If you're building software that will be used by hundreds of millions of people at once it's pretty tricky to simulate that kind of load in a testing environment. And without realistic load tests, you can't be all that sure if your infrastructure will stand up to the pressure. MySpace tried to use 800 EC2 instances to simulate one million concurrent users on their new video features but before they could reach the limit of their own app they hit the physical limits of their Akamai datastore due to the geographic location of the EC2 nodes. D'oh!
Instead of simulating load, why not just deploy the feature to see what happens without disrupting usability? Facebook calls this a dark launch of the feature. (Grig Gheorghiu also has a succinct write-up on dark launching.) Let's say you want to turn a static search field used by 500 million people into an autocomplete field so your users don't have to wait as long for the search results. You built a web service for it but there's no way to simulate all those people typing words at once and generating multiple requests to the web service. The dark launch strategy is where you would--for example--augment the existing form with a hidden background process that sends the entered search keyword to the new autocomplete service multiple times. If the web service explodes unexpectedly then no harm is done; the server errors would just be ignored on the web page. But if it does explode then, great, you can tune and refine the service until it holds up.

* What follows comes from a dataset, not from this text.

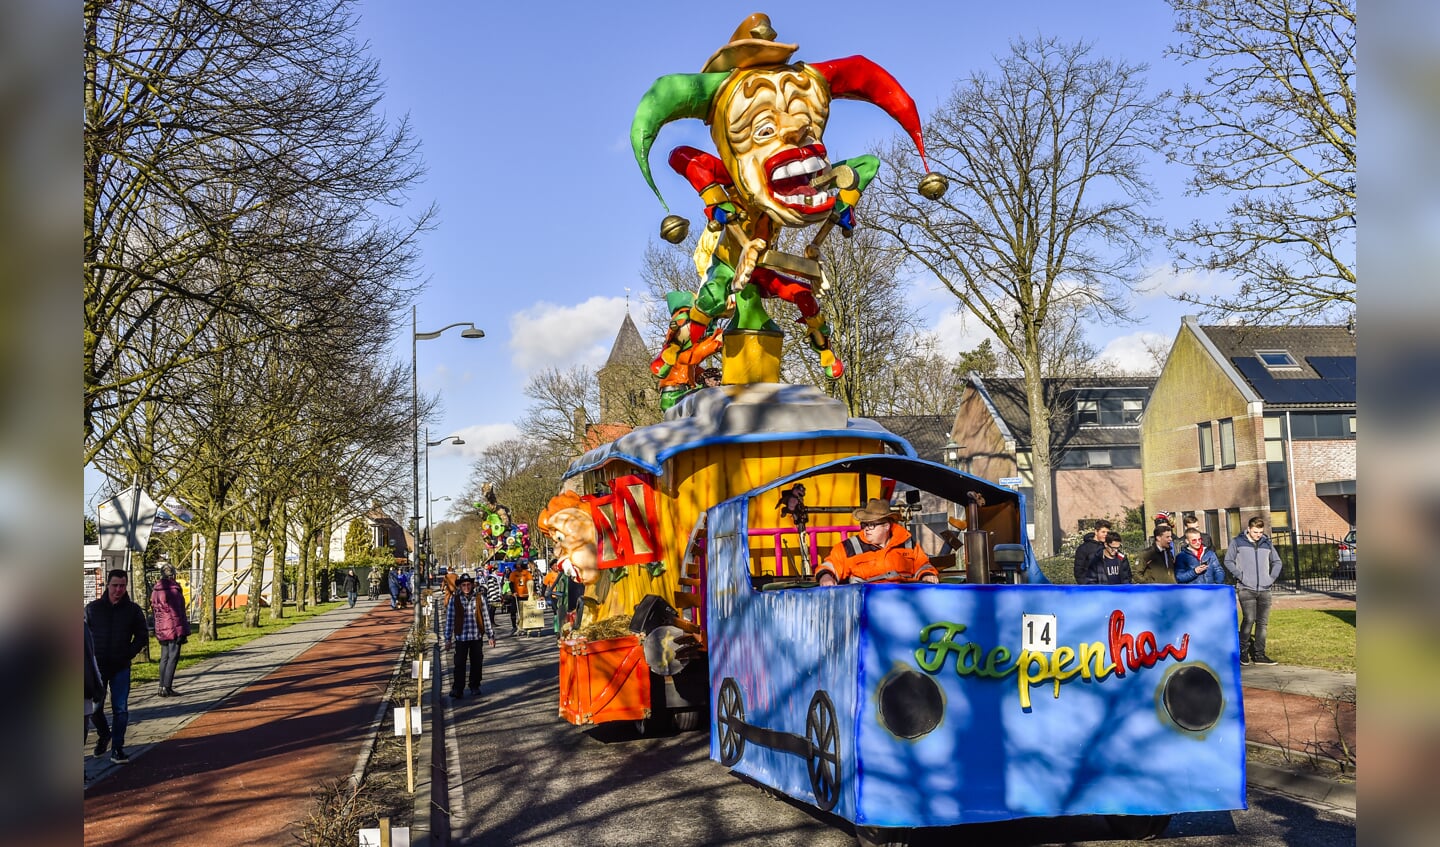 Bosschenhoofd - 10-02-2018 - Foto: peter Braakmann - Carnavals optocht in Bosschenhoofd was een groot succes.

There you have it, a real world load test. The downside is that such a test not entirely realistic. Once the user sees the new autocomplete feature she might end up searching with more keywords than normal since the results appear faster. Dare Obasanjo has further examples of the pros and cons to dark launches. This kind of dark test is not perfect but will help boost confidence. Of course, all this only matters if you actually have millions of users!